Irak, Somalie, Afghanistan, Libye, Syrie et Ukraine aujourd'hui. Depuis plus de 20 ans, Mathias Bruggmann investit les terrains de conflit en qualité de photographe. Photographe non pas de guerre, mais s'intéressant à la représentation des conflits, selon ses propres dires. "Je suis juste quelqu'un qui a ce privilège d'aller dans des endroits où peu de gens vont", reconnaît-il avec humilité.
Peu de temps après le début du conflit, il est parti pour l'Ukraine et y est resté six mois. Pour lui, il s'agit d'un basculement historique. "Je pense qu'on fait face à un évènement qui est peut-être de l'ampleur du mur de Berlin", estime le photographe.
S'il dit "ne pas savoir faire grand-chose", il reconnaît se donner la responsabilité de raconter en images le périple des individus en temps de conflit. "J'ai eu le privilège d'être accueilli par des gens un peu partout. Et la seule chose qu'on m'a demandé de faire, c'est de raconter leur histoire."
L'image, témoin de l'histoire
Pour Matthias Bruggmann, une bonne image de conflit est une image dont les gens se souviennent. "Une image qui ralentit le regard, qui va inviter quelqu'un non pas à passer à la page suivante, mais à se demander ce qui se passe dedans", détaille-t-il. Le photographe trouve que les images importantes sont celles qui invitent le grand public à s'intéresser à quelque chose qui, a priori, ne les concerne pas.
Par ailleurs, il considère qu'il n'y a pas assez de photos qui témoignent de ces conflits. "Par exemple, on manque d'images des tranchées, de la vie en leur sein", déplore-t-il.
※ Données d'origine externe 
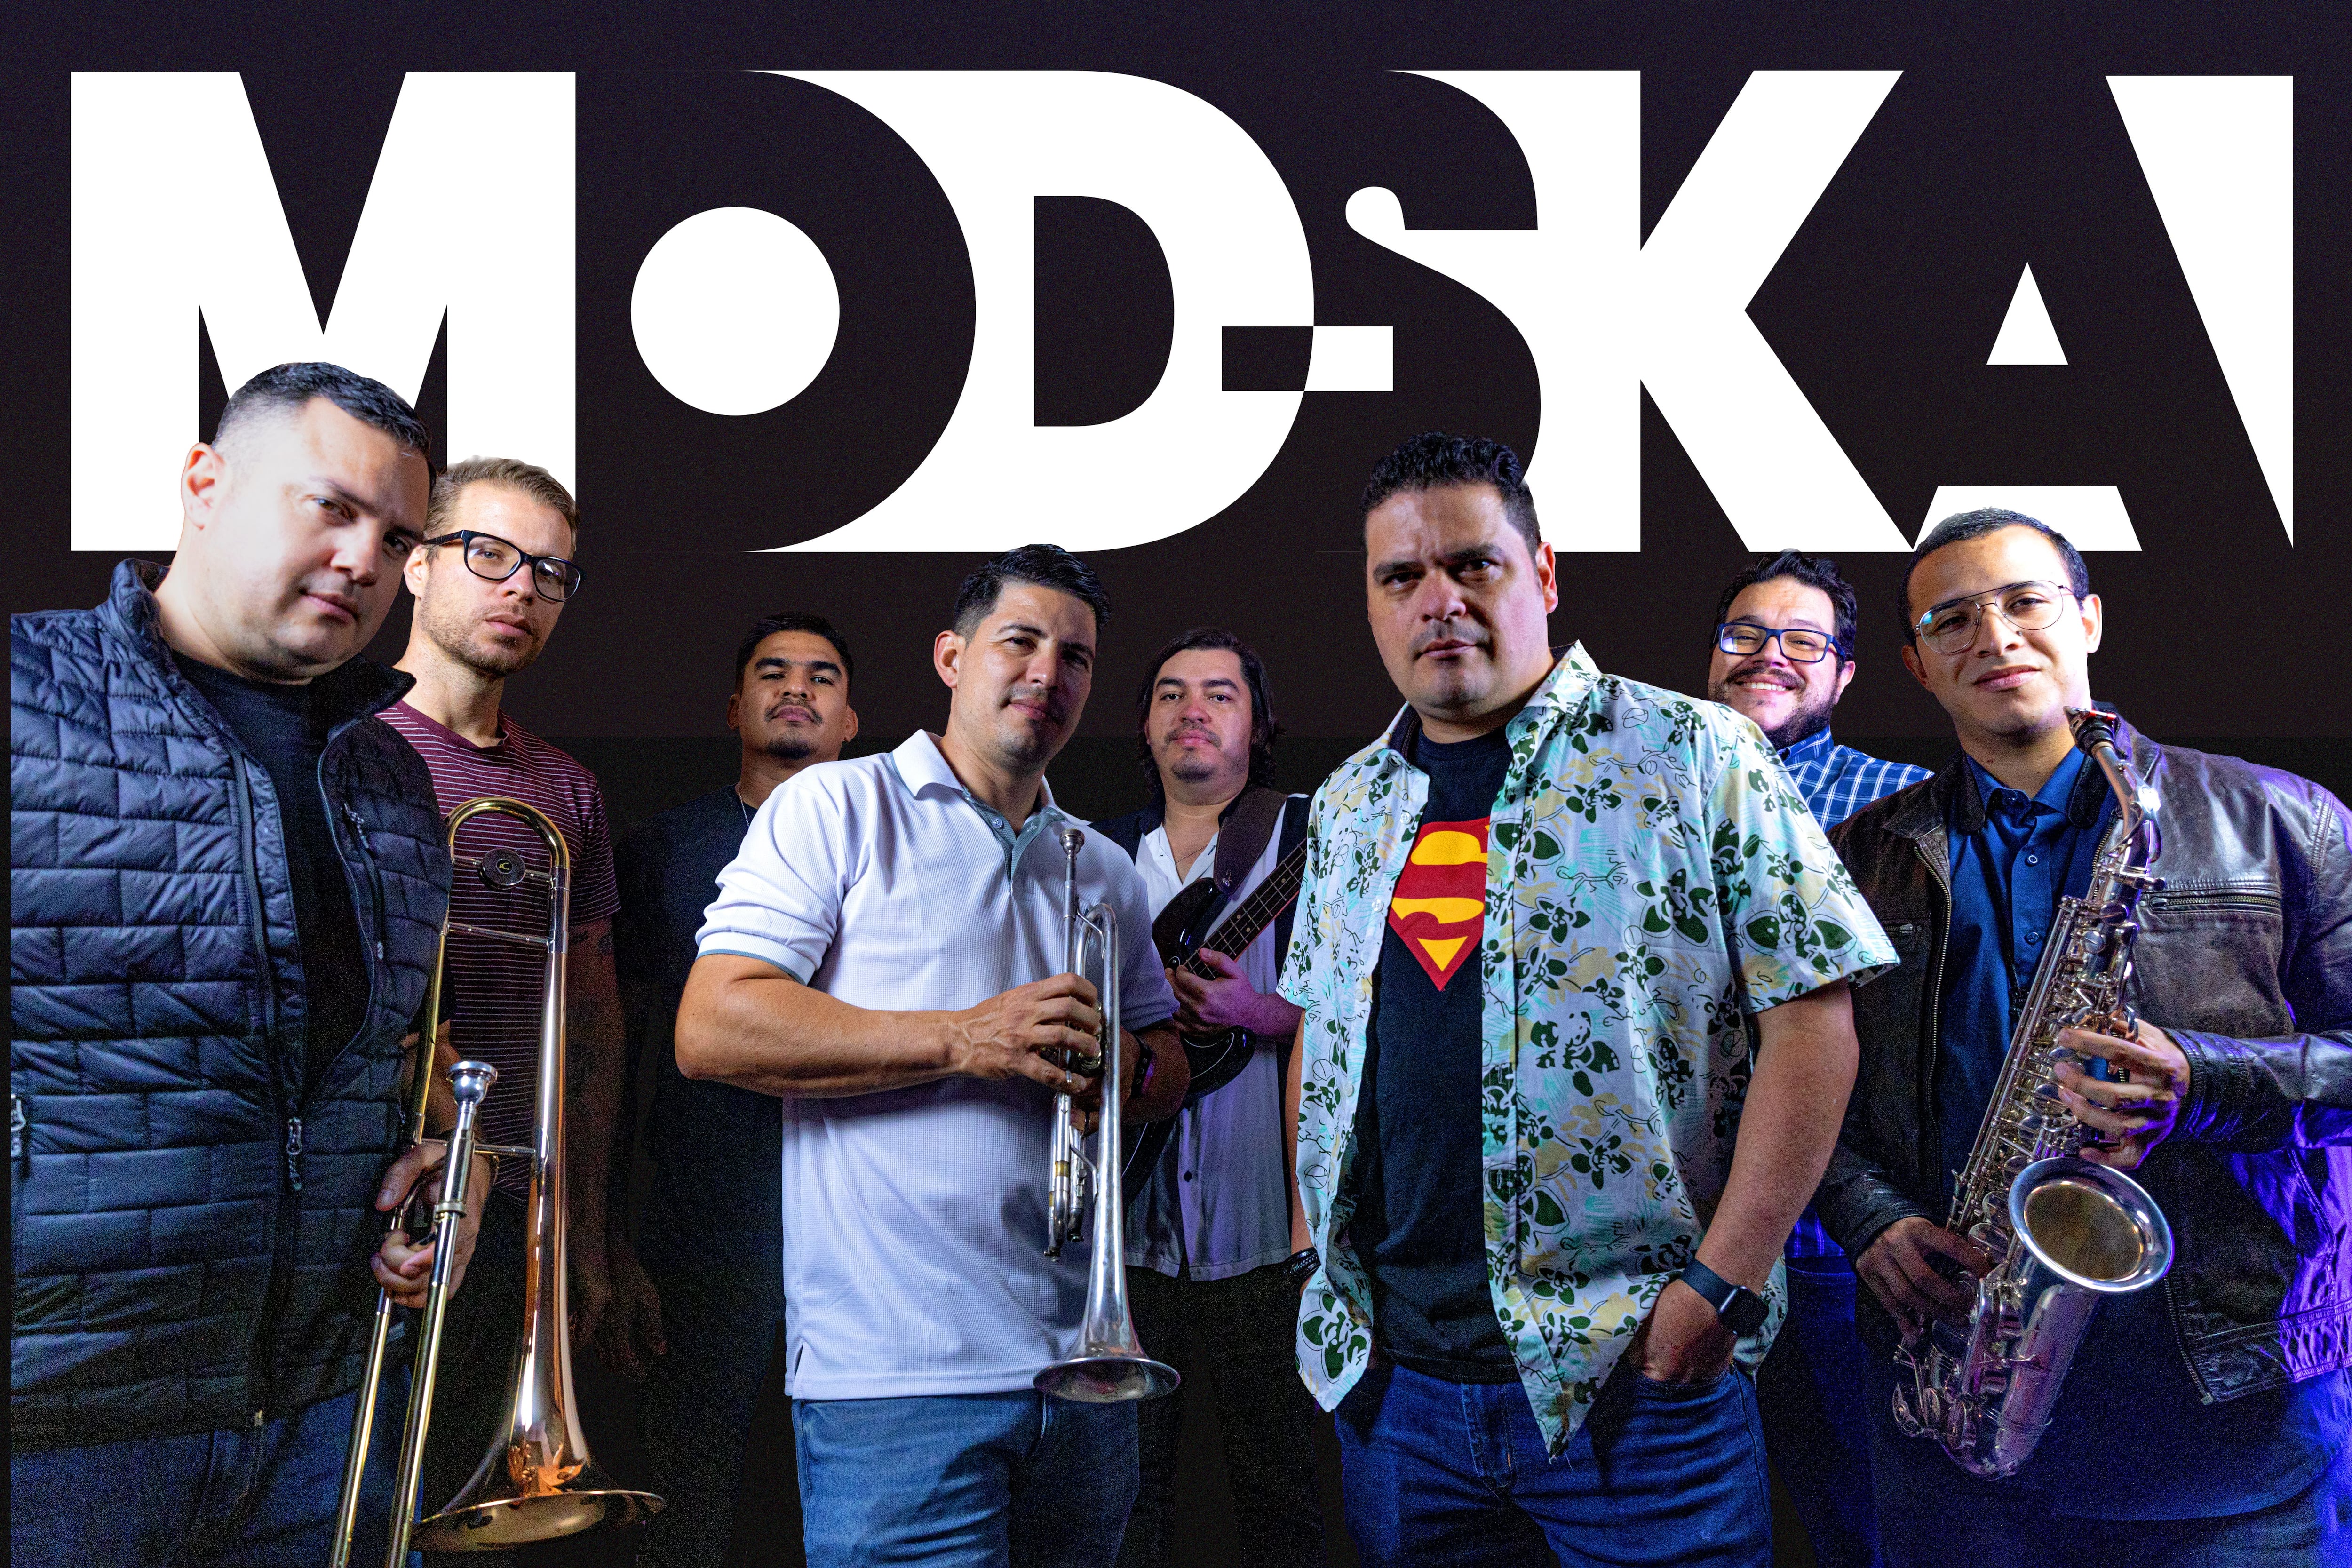 La versión 2022 de Mod Ska combina viejos miembros de la banda con nuevos compañeros.  Óscar Ibarra (voz), Adrián Poveda (Guitarra), Douglas Orozco (trompeta) y Marcial Flores (trombón); se acompañan ahora por Álvaro Mora (bajo), Ali Mondol (batería), Dashiell Giró (saxofón) y Fede Rojas (teclados).

S'il pense qu'il n'y a pas assez de ce genre de photographies, c'est qu'il estime que trop sont de mauvaise qualité ou redondantes.
Néanmoins, peut-on tout exposer? "Il faut montrer au lecteur ce qu'il peut supporter de voir", telle est la limite que prône le photographe. Même si certaines images, malgré leur caractère violent, illustrent une partie de la réalité, Matthias Bruggmann ne préconise pas nécessairement leur publication. Ou alors dans un musée, car un avertissement prépare le public au choc et permet ainsi un autre regard.
L'enfer du décor
"Toute guerre est par définition un enfer", affirme encore Matthias Bruggmann, relatant l'impuissance qui l'habite face à chaque conflit. "Pour autant, mon rôle n'est pas de sauver. Je ne suis ni militaire, ni médecin, ni humanitaire." Le photographe peut juste s'en remettre à l'expression de son empathie envers les personnes ou familles qu'il photographie.
Même si la peur et l'impuissance hantent ses expériences, le photographe retournera encore sur le terrain, car "son rôle est de témoigner". Avec, en toile de fond, la réflexion sur les limites de la photographie documentaire. "L'endroit où les enjeux sont les plus saillants, c’est la guerre."
Finalement, Matthias Bruggmann assure que "tant qu'il y aura des pays comme la Russie pour assassiner des journalistes, pour les mettre en prison, pour les menacer", son travail servira à quelque chose. Car "tout art est politique" et la photographie est un incontournable des conflits.